Image-text retrieval is a fundamental task in image understanding. This task aims to retrieve the most relevant information from another modality based on the given image or text. Recent approaches focus on training large neural networks to bridge the gap between visual and textual domains. However, these models are computationally expensive and not explainable regarding how the data from different modalities are aligned. End-to-end optimized models, such as large neural networks, can only output the final results, making it difficult for humans to understand the reasoning behind the model’s predictions.

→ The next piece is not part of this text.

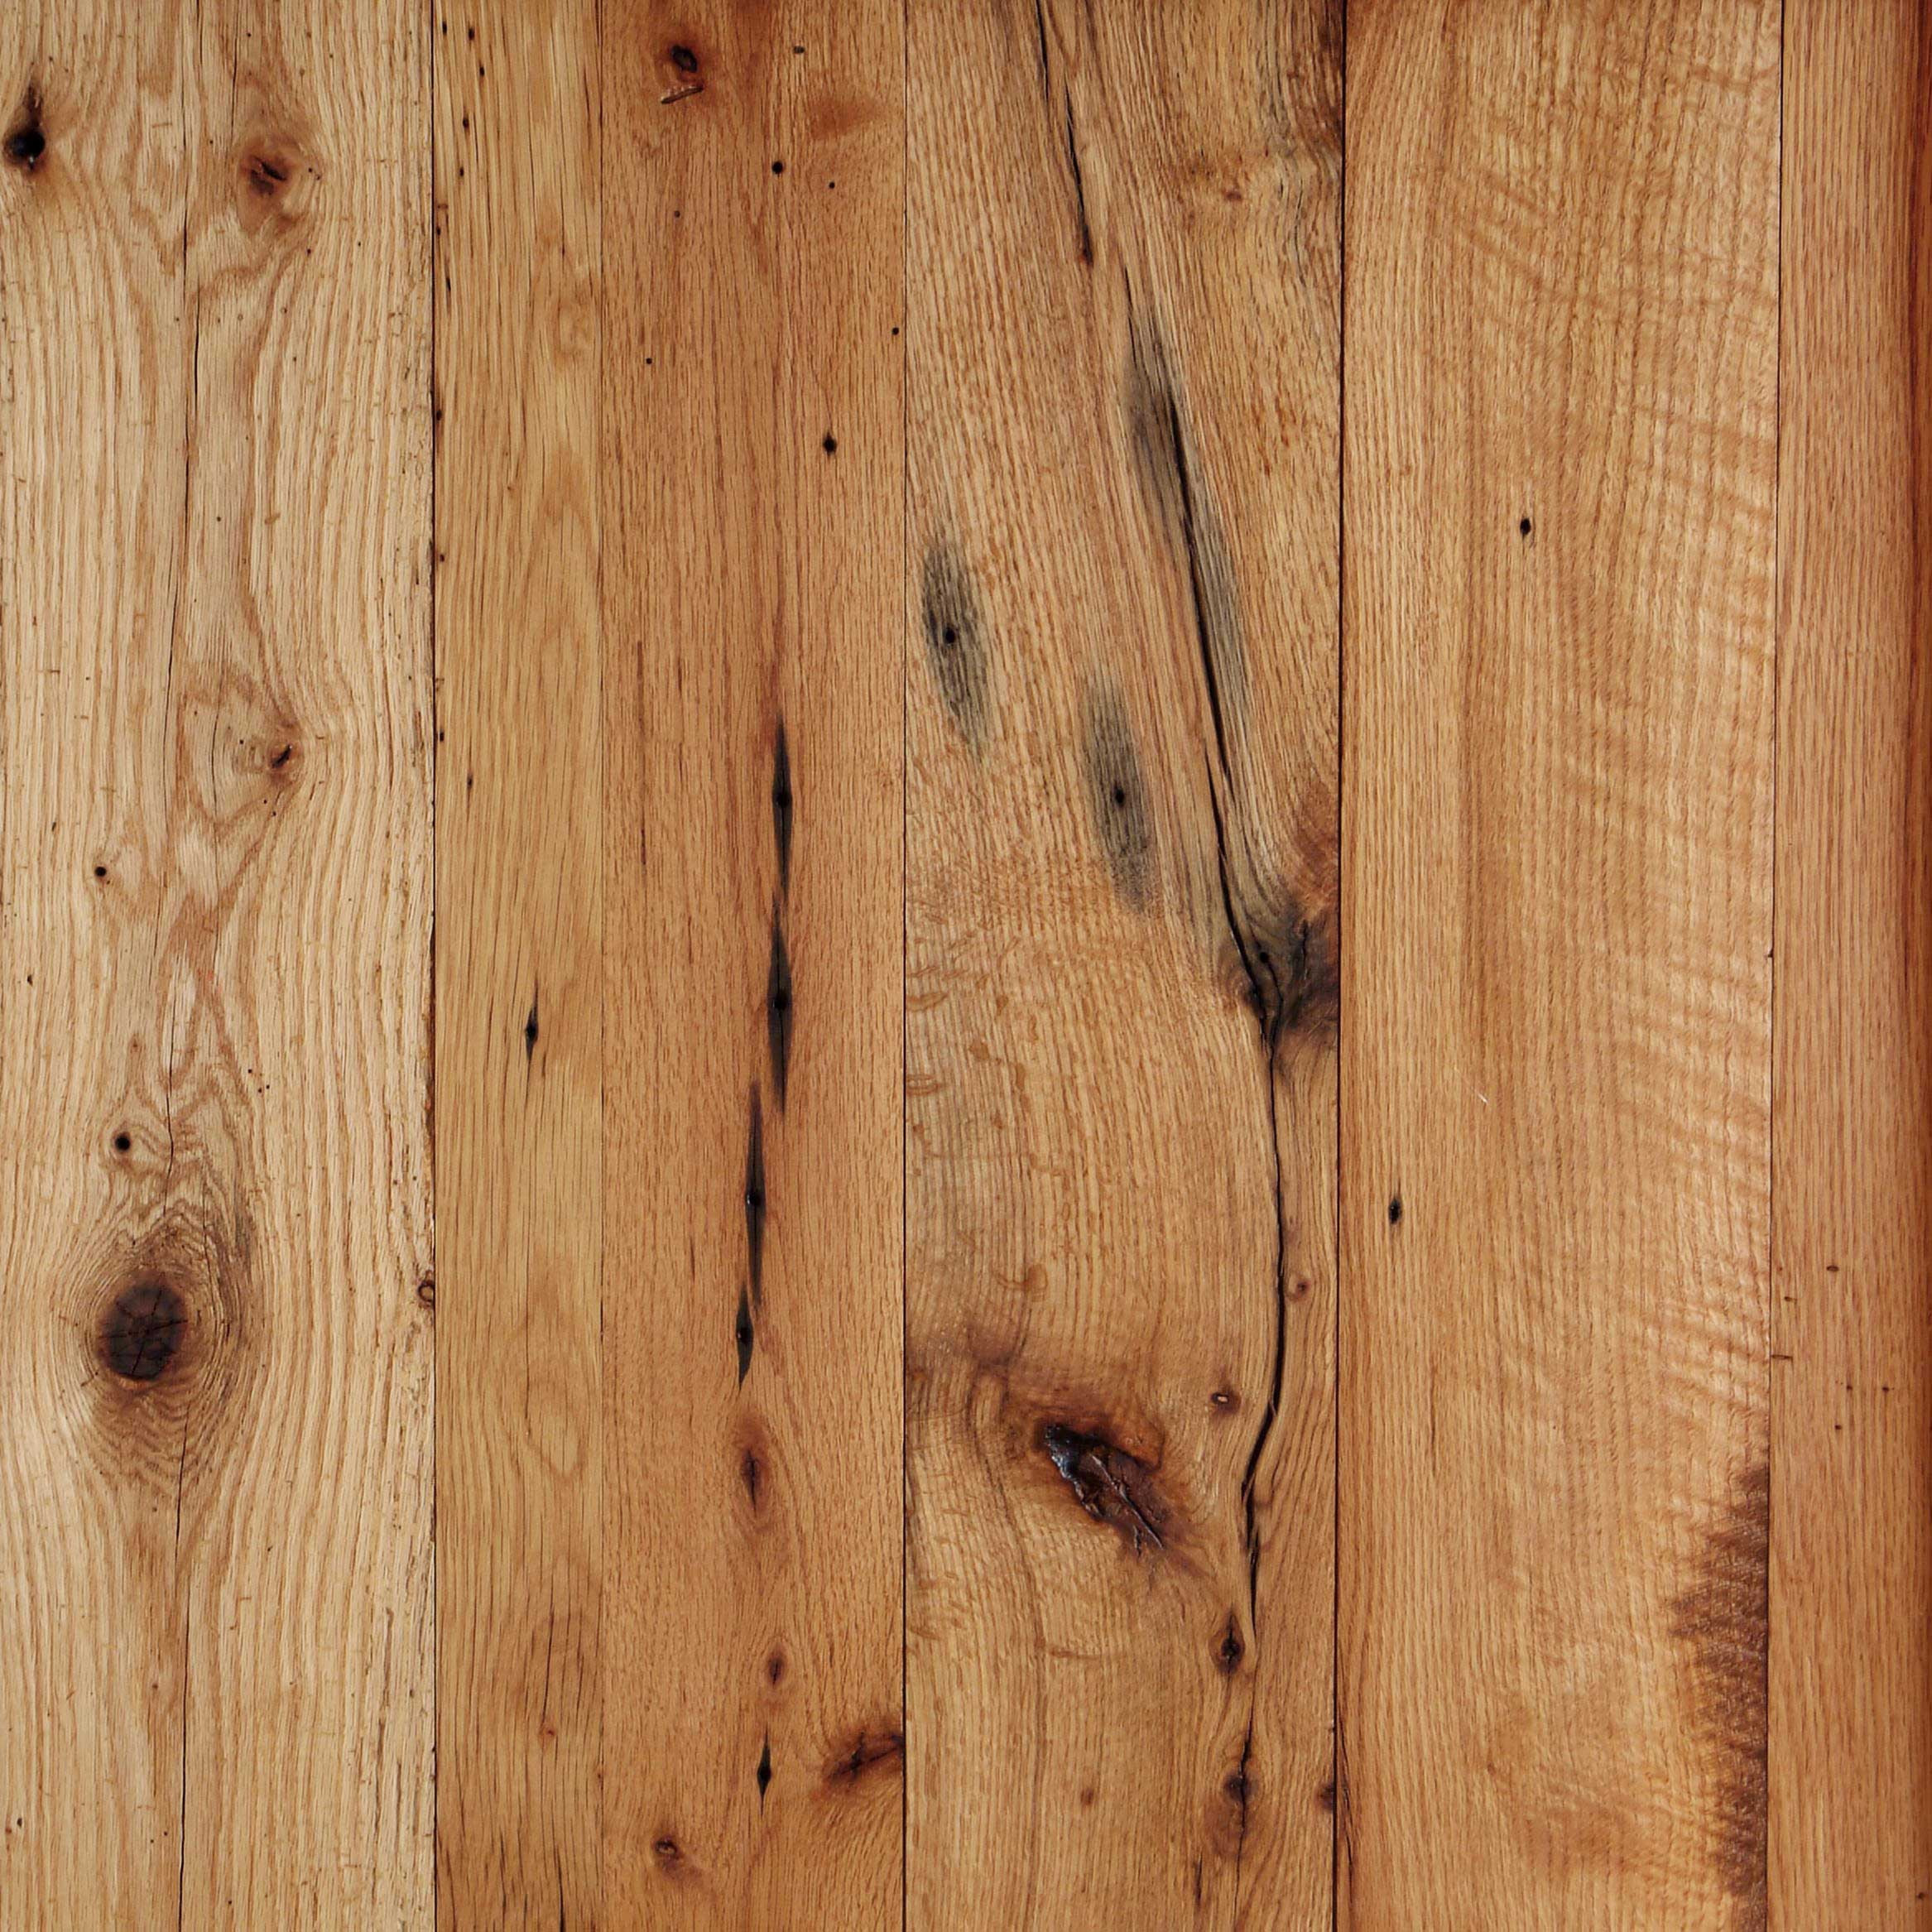 1 1 2 wide oak hardwood flooring of longleaf lumber reclaimed red white oak wood in reclaimed salvaged antique red oak flooring wide boards knots
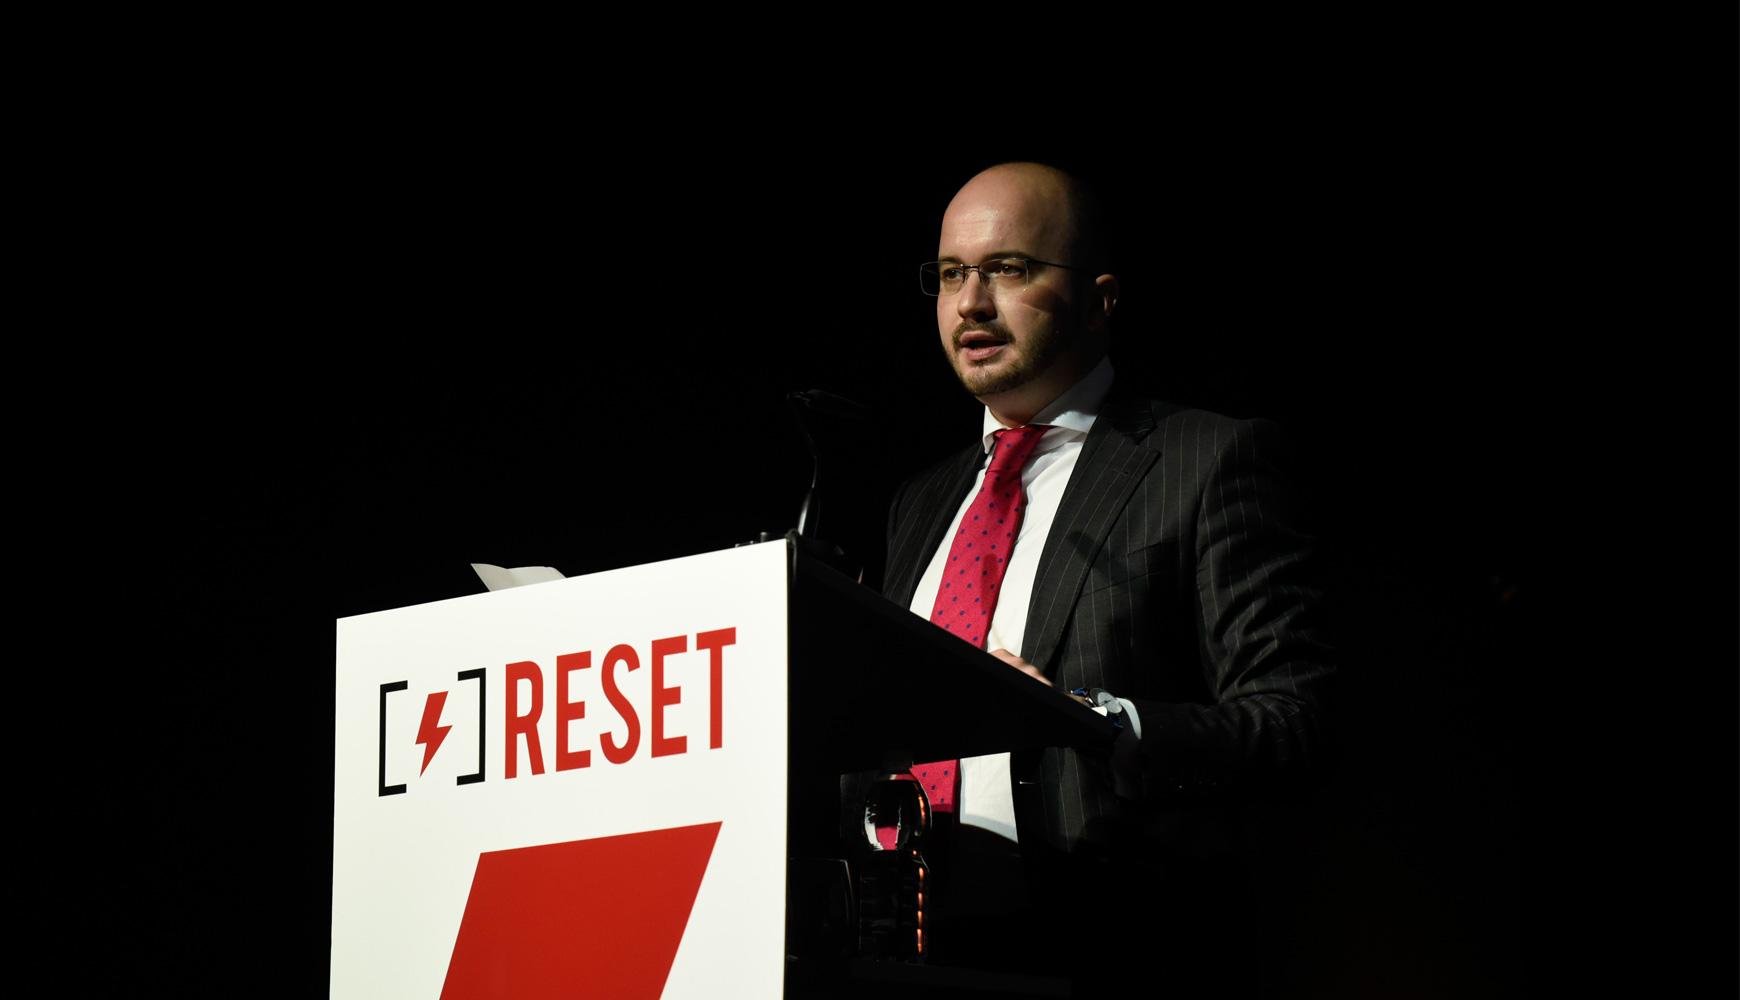 Inauguración del XX Congreso Nacional Reset celebrado en Marbella

Hence, we propose a green learning solution, Green Multi-Modal Alignment (GMA), for computational efficiency and mathematical transparency. We reduce trainable parameters to 3% compared to fine-tuning the whole image and text encoders. The model is composed of three modules, including (1) Clustering, (2) Feature Selection, and (3) Alignment. The clustering process divides the whole dataset into subsets by choosing similar image and text pairs, reducing the training sample’s divergence. The second module, feature selection, reduces the feature dimension and mitigates the computational requirements. The importance of each feature can be interpreted as statistical evidence supporting our reasoning. The alignment is conducted by linear projection, which guarantees the inverse projection in both direction retrievals, namely image-to-text and tex-to-image retrievals.
Experimental results show that our model can outperform the SOTA retrieval models in text-to-image and image-to-text retrieval on the Flick30k and MS-COCO datasets. Besides, our alignment process can incorporate visual and text encoder models trained separately and generalize well to unseen image-text pairs.